Now that I think about it, I have no idea where my grandparents are. I mean, it makes sense for them not to be in this house, but my parents never even brought them up.

I didn't get to see them very often in person, they both passed away a year or so before I found Dashie, in a car accident. I guess it ran in the family for a while!

Usually, it'd be rude to make that kind of joke, but seeing how we're all dead, only makes it seem all the funnier. I guess I'll have to ask them about it during breakfast.

I look at the time, and I'd accidentally been daydreaming for nearly an hour now. "My, how time flies." I sit up and stretch, then I get out of bed after hearing that satisfying "pop" in my back. I rub my eyes and yawn, and upon smelling muffins, eggs, and something that I haven't had in over a decade, bacon, I walk downstairs for breakfast.

"Good morning, Mom. Is that really what I think it is, sizzling over there?"


	2. Chapter 2: Dashie's New Life

I wake up, the sun's glare hitting its target that are my now open eyelids. This makes my eyes burn, and I squint them to alleviate the pain. My mind is a mix of confusion and tiredness, as the room I sleep in has its only window facing west, meaning that I'm used to waking up in dim lighting, due to the sun rising in the east. I must've slept in Dad's bed, since his window faces the opposite direction of mine.

I guess that's why he always wakes up before me... Where is he, anyway?

I feel around the bed for the covers, as I woke up with none, and I feel a part of the mattress that's a bit damp.
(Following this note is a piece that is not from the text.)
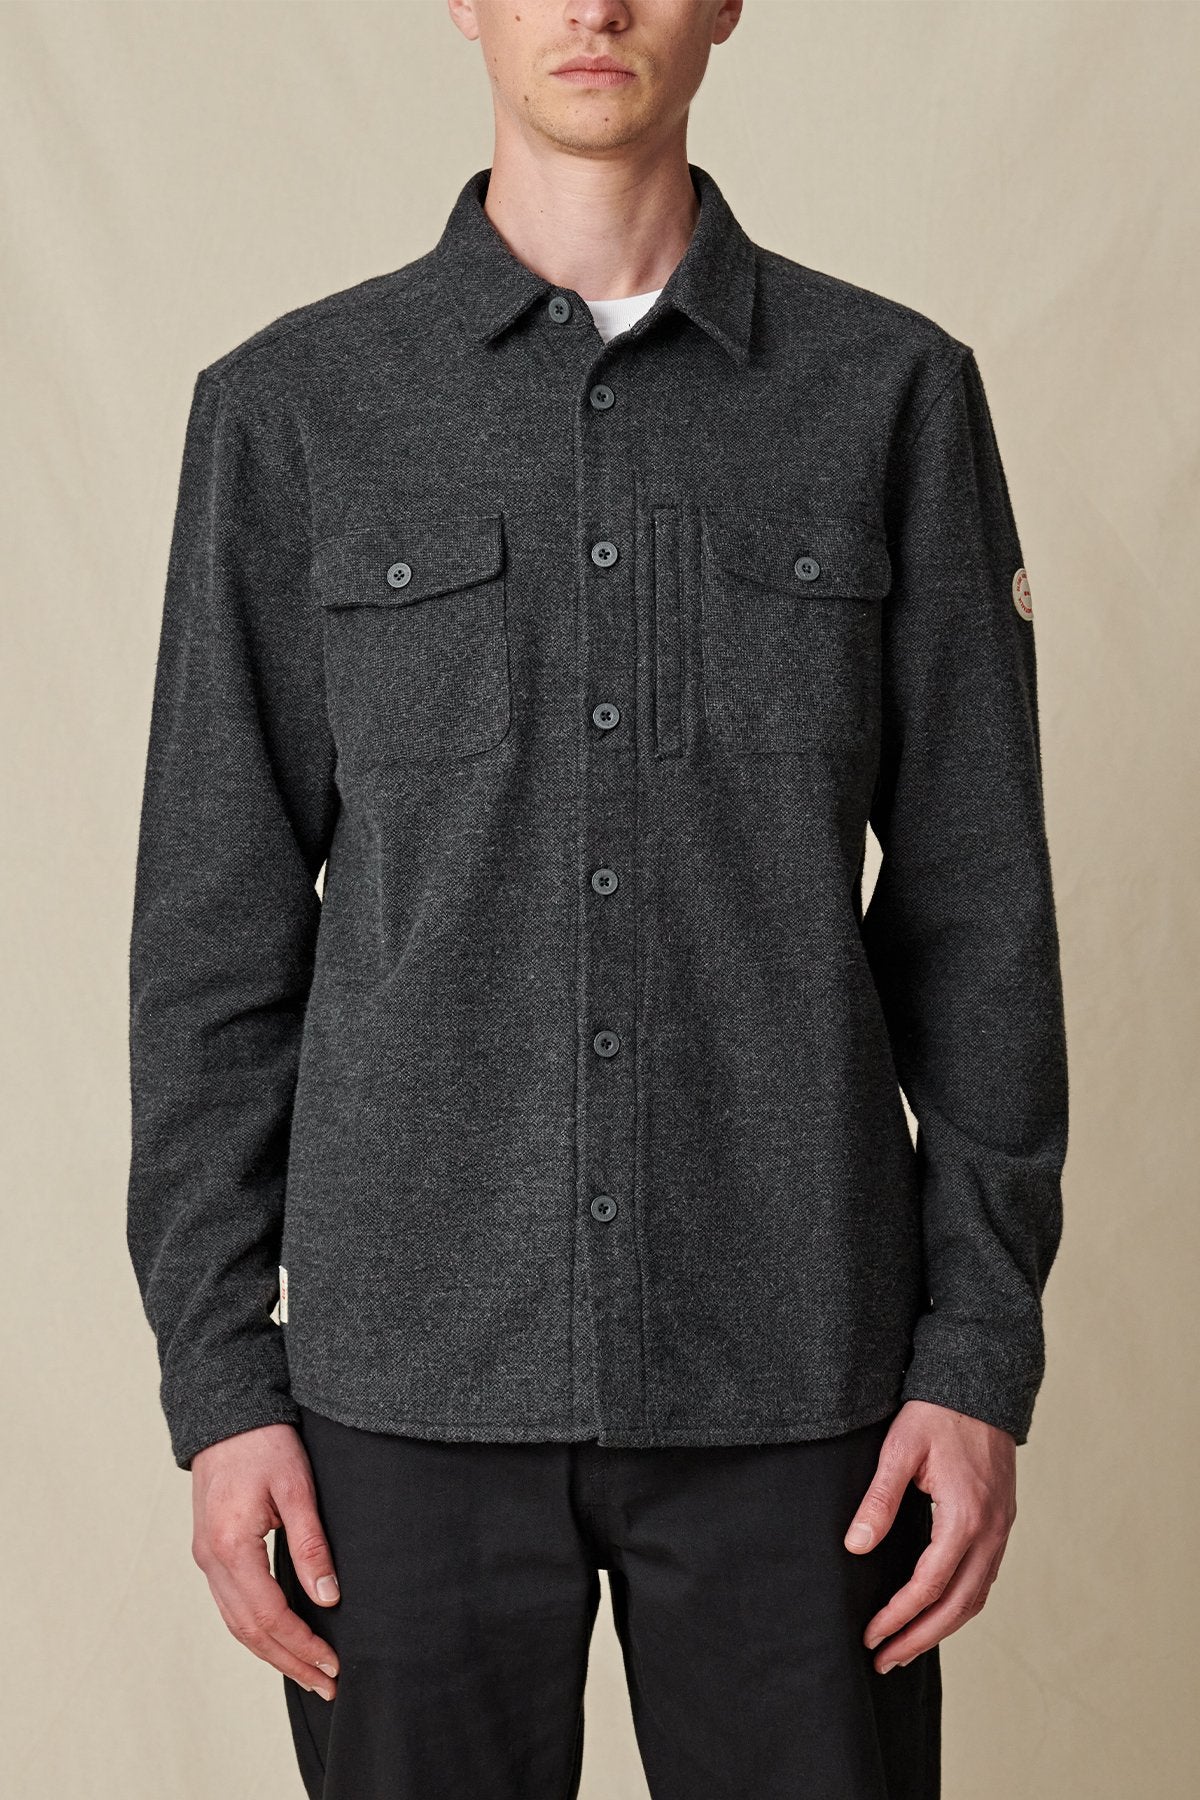 Globe Shirts - Wanderer Shacket in colour Charcoal
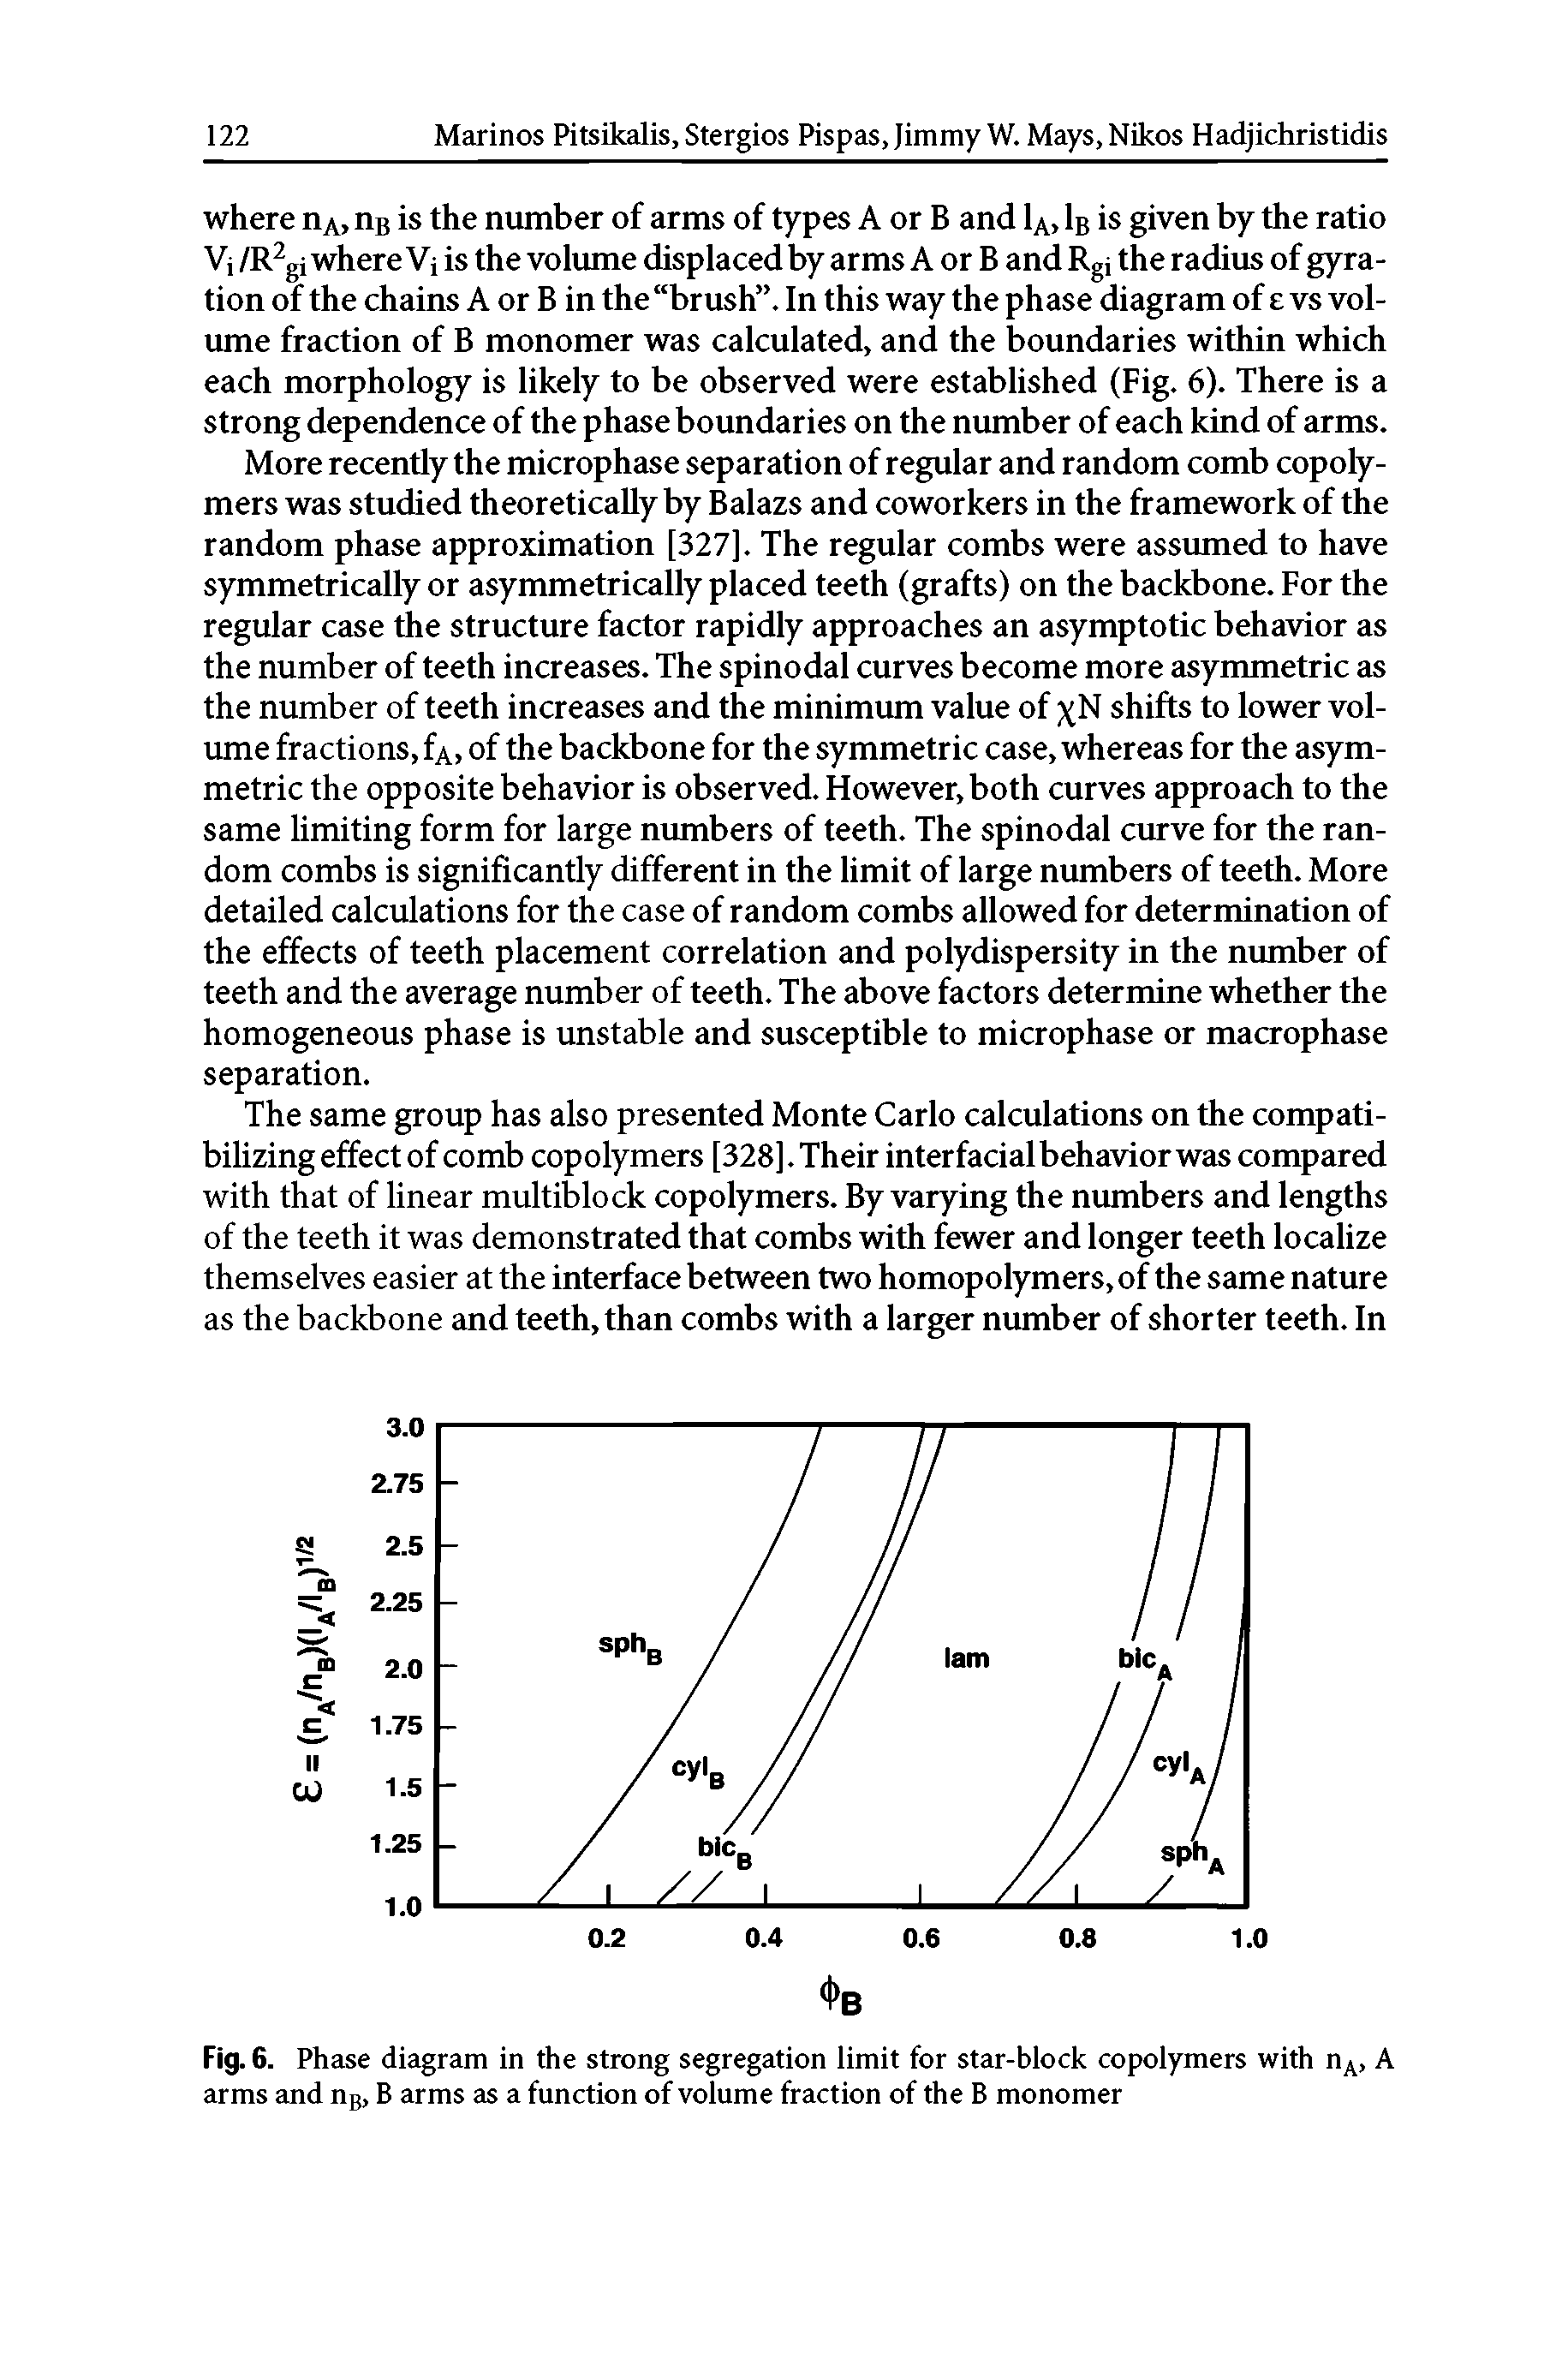 Fig. 6. Phase diagram in the strong segregation limit for star-block copolymers with nA, A arms and nB, B arms as a function of volume fraction of the B monomer...

Drool, maybe? No, that can't be it, I never drool.

I notice that my eyes feel puffy and the realization of what's going on starts to sink in.

I guess I cried myself to sleep last night...

It doesn't take much pondering to remember why I did, which only makes made me want to cry again. I think about letting myself, but I figure that the more I cry, the harder it'll be to move on with my life.

"That's if I ever can move on from something like this." I say that aloud, it's not like anypony can hear me. At this point, I really don't care if they can. I know what I said was a lie, of course, I'll get over this. It's a matter of when, not if. As much as I want to stay attached to my pops, I know that the right thing to do is to move on from him as quickly as possible, in order to enjoy the life that he worked so hard to lay out for me, it's what I have to do.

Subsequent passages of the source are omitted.